Hakemden devam edelim sapla samanı karıştırmadan. Hakemlerin GSlisi FBlisi olmaz. Bu yüzden biri diğerine yanlış karar vermeyi aklından bile geçirmez zira göreceği baskı çok daha büyük. Lakin şu kesin ki Fenerbahçe yenilirse birileri çok fazla para kazanacak, lig çok daha değerli hale gelecek. Bu sadece Lig TV’yi değil futbol programı yapan onlarca TV kanalını ve futbolun etki ettiği her alanı kapsıyor. Dolayısıyla böyle bir baskıdan dolayı hakem baskı altına alınmış olabilir. 10 puan önde olan Beşiktaş da olsa Galatasaray da olsa bu tarz şeyler bu ülkede yaşanacak gibi geliyor bana. Hakemlerden bağımsız konuşmak gerekirse sezon başı yapılan hatanın bugün Fenerbahçe bedelini ödüyor. Nihayetinde üst üste puan kayıplarının yaşanmaya başlaması forvet sakatlıklarıyla beraber başladı.
Kurgusal hata
Bunu tüm bu olumsuz sonuçlardan sonra değil sezon başında üç büyük kulübün futbol aklını yazıya döktüğümüzde dile getirmiştim. Fenerbahçe kabaca 4-3-3 oynuyor. İleride üç oyuncu da forvet. Ortadaki 3 oyuncu için takımda 9 aday futbolcu varken ilerideki 3 oyuncu için sadece 4 aday futbolcu vardı ve bunların hepsi de yabancıydı. Bazen yedeğe forvet almadan çıktığı maçlar oldu Fenerbahçe’nin. Eğer forvetlerden birisi sakatlanırsa dedik Fenerbahçe maç içerisinde hamle yapamayacak hale gelecek diye yazmıştık. Öyle ki bunları yazdığım zamandan sonra oynanan Kasımpaşa maçı da iyi bir örnek teşkil etti. Maçın sonu Fenerbahçe adına iyi bitse de forvet takviyesine ihtiyacı olan Ersun Yanal defansif orta saha çıkarıp Mehmet Topal’ı alarak ofansif açıdan güçlü olmaya çalıştı. Kulübede başka da şansı yoktu.
Diyeceksiniz ki Avrupa’da pek çok takım bol orta saha içeren kadrolar kurdu kendilerine. Örnek vermek gerekirse Bayern Münih aynı şekilde çok orta saha barındırıyor ama unutulmaması gereken sisteminde Fenerbahçe gibi 3 değil sadece 1 forvet bazen de sahte dokuzlu forvetsiz oyun düzeni içerisinde sahaya çıkıyor.
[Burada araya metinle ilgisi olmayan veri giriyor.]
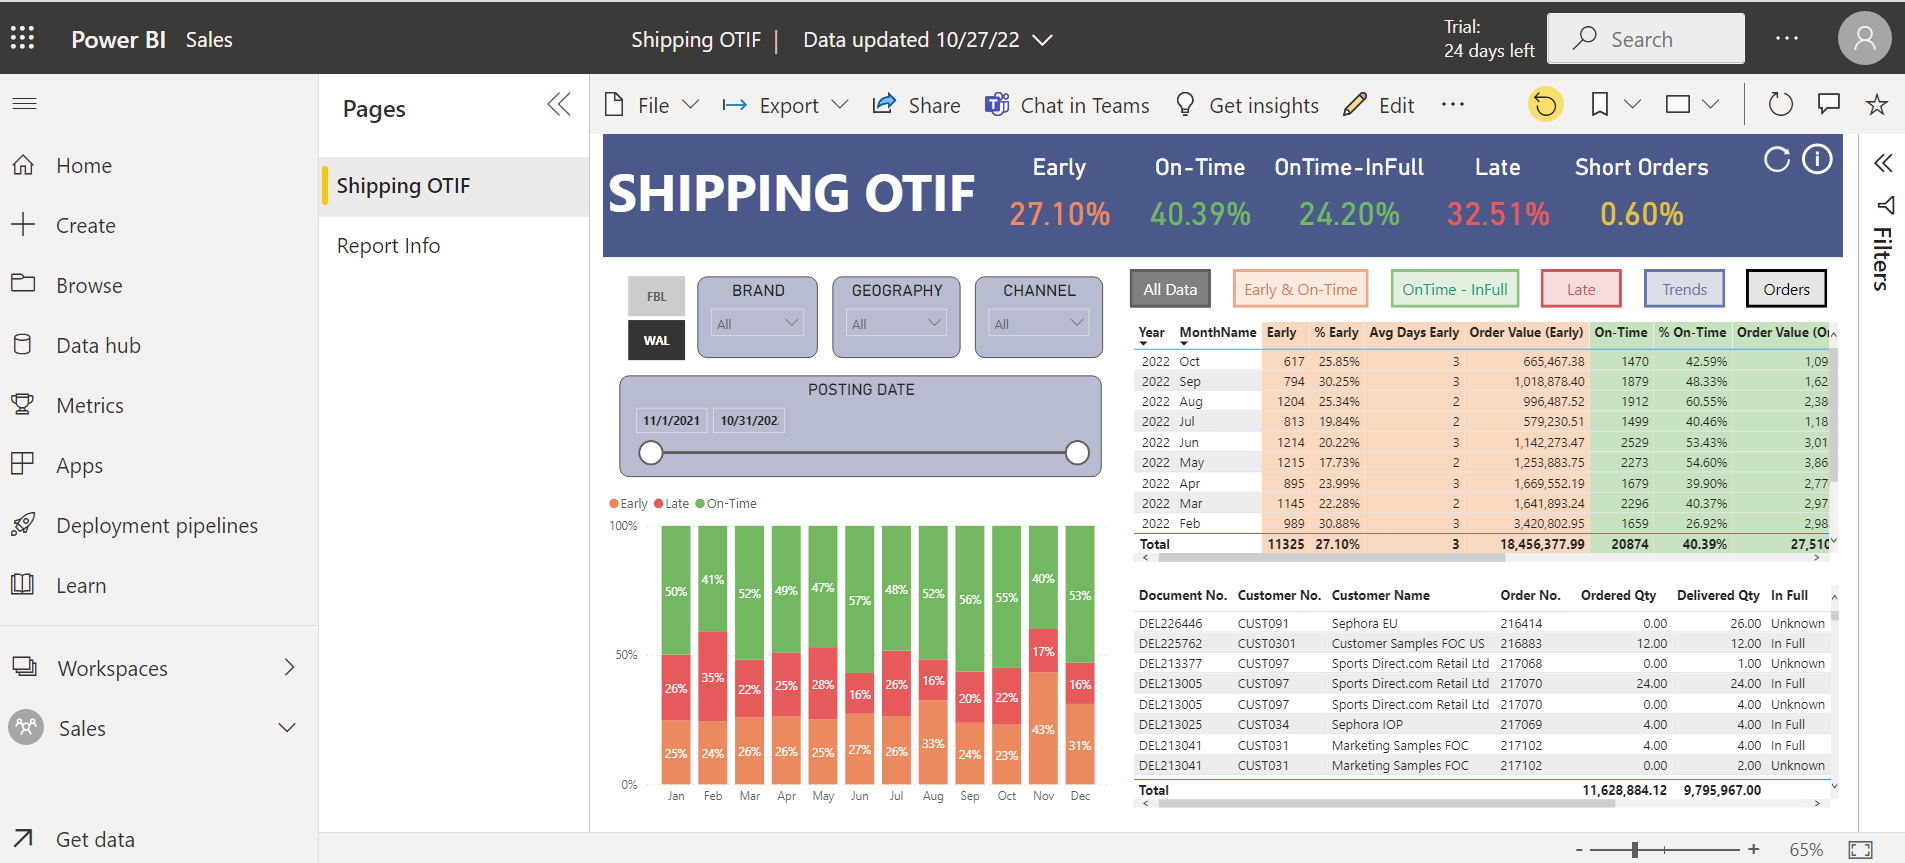 Shipping OTIF Report

Oysa Fenerbahçe’nin sisteminde iki kenar forvet ve 1 santrfor var. Bu oyuncular üstelik genç de değil. Sakatlanabilir, sakatlıkları uzun sürebilir. Devre arasında ezeli rakip 19 milyonluk alışveriş yaparken Fenerbahçe’nin yapması gereken sadece bir ya da iki forvet transferiydi. Hakemin yanlış kararlarına rağmen henüz maçın başında yakalanılan pozisyonlar yine de sonuç verebilirdi. Sol bek Caner ile Emenike ya da Webo arasında fark bugün var olan baskının gol getirmemesinde etki etti. Keza transfer olmasaydı dahi Semih’i hiçbir şekilde gündeme getirmeyip gitmesine rıza göstermek de bu forvet kıtlığında çok doğru değildi.
Holmen’ler, Salih’ler, Kadlec’ler..
Geçtiğimiz hafta Holmen bu hafta da Kadlec çok önemli maçlarda forma giymek zorunda kaldı. Daha da önemlisi kurtarıcı olarak Roma’nın ısrar ettiği Salih oyuna girdi. Bu oyunculardan verim alınamadı ama olması gereken de bu değil miydi? Bu oyuncular hazırlanmadı, rotasyonda kullanılmadı. Sezon boyunca görmezden geldiğiniz oyunculardan bugün verim alınamıyorsa bu yine kurgusal hatadan kaynaklanmıştır.
Toplarsak eğer Fenerbahçe sezon başında saha içerisindeki üç bölgesine sadece "1" yedek alarak olası sakatlanmalar ve kart cezaları durumunda yaşayacağı sıkıntıları yaratmış, devre arasında da Webo'nun sakatlığına rağmen hamle yapmayarak son dönemde yaşanan puan kayıplarının önüne geçmiştir.